You Have to When You Can

By Gail Grenier Sweet ©2003

This tale is a variation on a theme — “You have to when you can.”

We spent a long weekend this January in New Orleans.  We’d been looking forward to the trip since we planned it last August.  We were to meet my brother and his family there to celebrate my niece’s 21st birthday.

Whatever could go wrong did.

First, my daughter Anna and I almost nearly missed the plane.  While Mike was parking our car in a lot and taking a shuttle back to the airport, Anna and I bumped into Menomonee Falls friend Ellen Kauth at the food court.  We got talking... and talking... and didn’t notice the time until five minutes before take-off.  Poor Mike was caught by security on the plane and didn’t know what happened to us.

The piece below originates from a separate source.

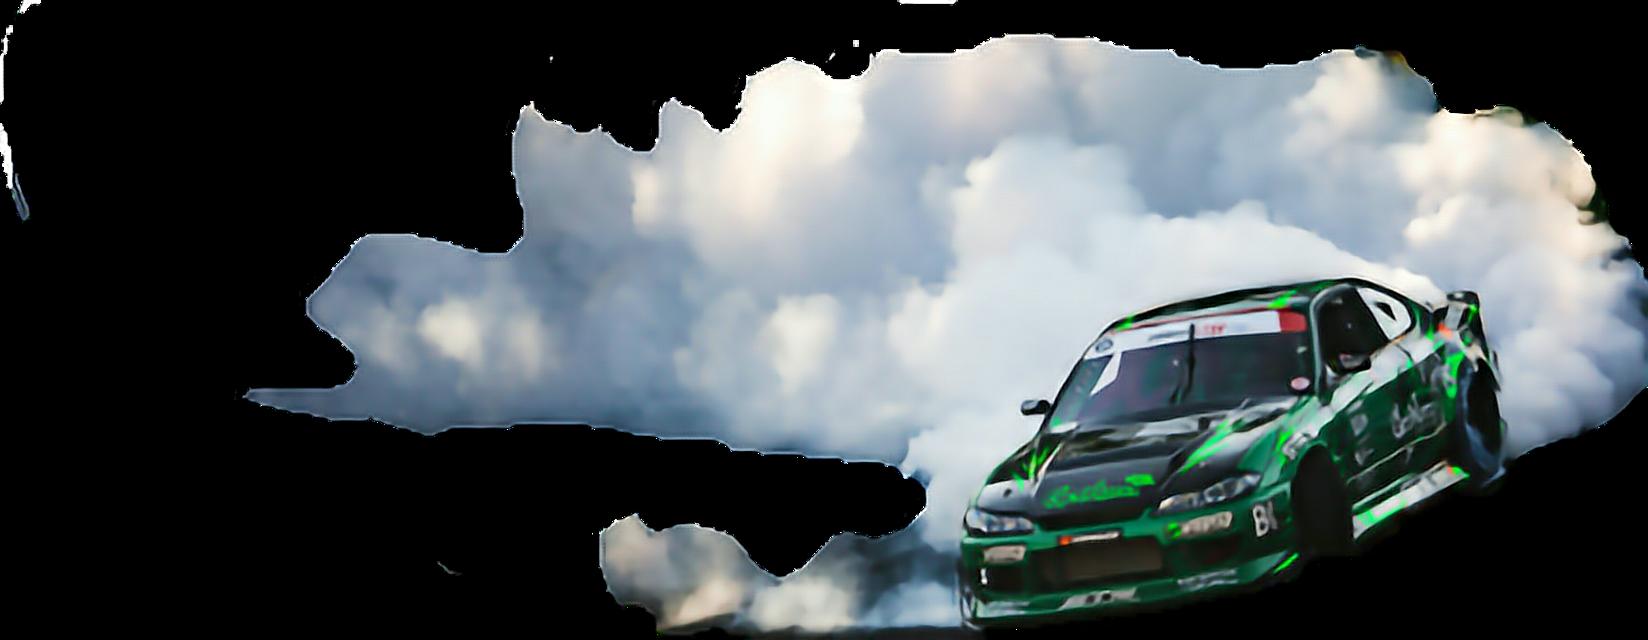 #drift #smoke

Later, on the plane, Mike became nauseated and broke into a cold sweat.  I thought we had given him a heart attack by our lateness and my guilt was full-flowered.  The flight attendant and I nursed him all the way to New Orleans.

At the hotel, it was on to the Land of Nod for Mike and to Mardi Gras World for Anna and me.  Later, when my brother’s family arrived, Mike felt a little better — off and on. 

That evening, in spite of Mike’s weakened condition, he walked the mile or so to Mulate’s Cajun restaurant near the river.  The band was sawing away at some rockin’ Cajun French tunes and folks were dancing on the big wood floor.  While I ate gator, Mike nibbled a salad — all he had the courage to eat.
 
It wasn’t long before a man approached our table and asked if anyone would like to dance.   Everyone at our table pointed to me, and I popped right up --

-- And danced with a man who was at least 90 years old, and I promise you I’m not exaggerating.  He was a great leader and master of economy of (his) movement. In Cajun dancing, as in many other forms of dancing, the art is in the man leading the woman through complicated twists and turns.  He doesn’t have to move much, but he’s doing all the thinking.  She just has to follow and let her skirts swirl.

And so it was.  “Grand-pepere” swirled me around the floor in a great Cajun two-step.  When the song changed, he asked, “Want to do a jitterbug?”  I said, “Sure!” and he led me again, in a Cajun version.

After that, a younger man asked me to dance.  He was probably in his early 70s.  He was a marvelous dancer and super leader.  He spun me in even more twists and turns, creating little “windows” of our arms through which we could peek at each other.

I returned sweating to the table.

My sister-in-law said, “You probably made that guy’s night.”

I said, “No, he made my night -- he’s a better dancer than Mike.”

Not long after that, Mike rallied and we danced until we were tired, then walked back to the hotel.

As the weekend progressed, the weather dipped to almost freezing.  I hadn’t brought my winter coat, so I dressed in layers and resembled a person who lives under an overpass.  After walking all day Sunday, my feet felt like two blocks of ice, like when I jumped into Lake Michigan with the Polar Bears.  Back at the hotel, I ran hot water in the bathtub and soaked until I could feel them again.

In spite of the cold, in spite of his flu symptoms, Mike continued to fight valiantly to have a good time.   He eventually graduated from salads to beans and rice, and even participated in a Cajun cooking class where we ate chicken file gumbo and pecan pie.

And so it went….  Those old men at Mulate’s kept dancing….  We kept walking through the cold….  Mike kept partying through his illness, between naps….

You have to when you can.      

The End

[This first appeared as a column in The Menomonee Falls News.]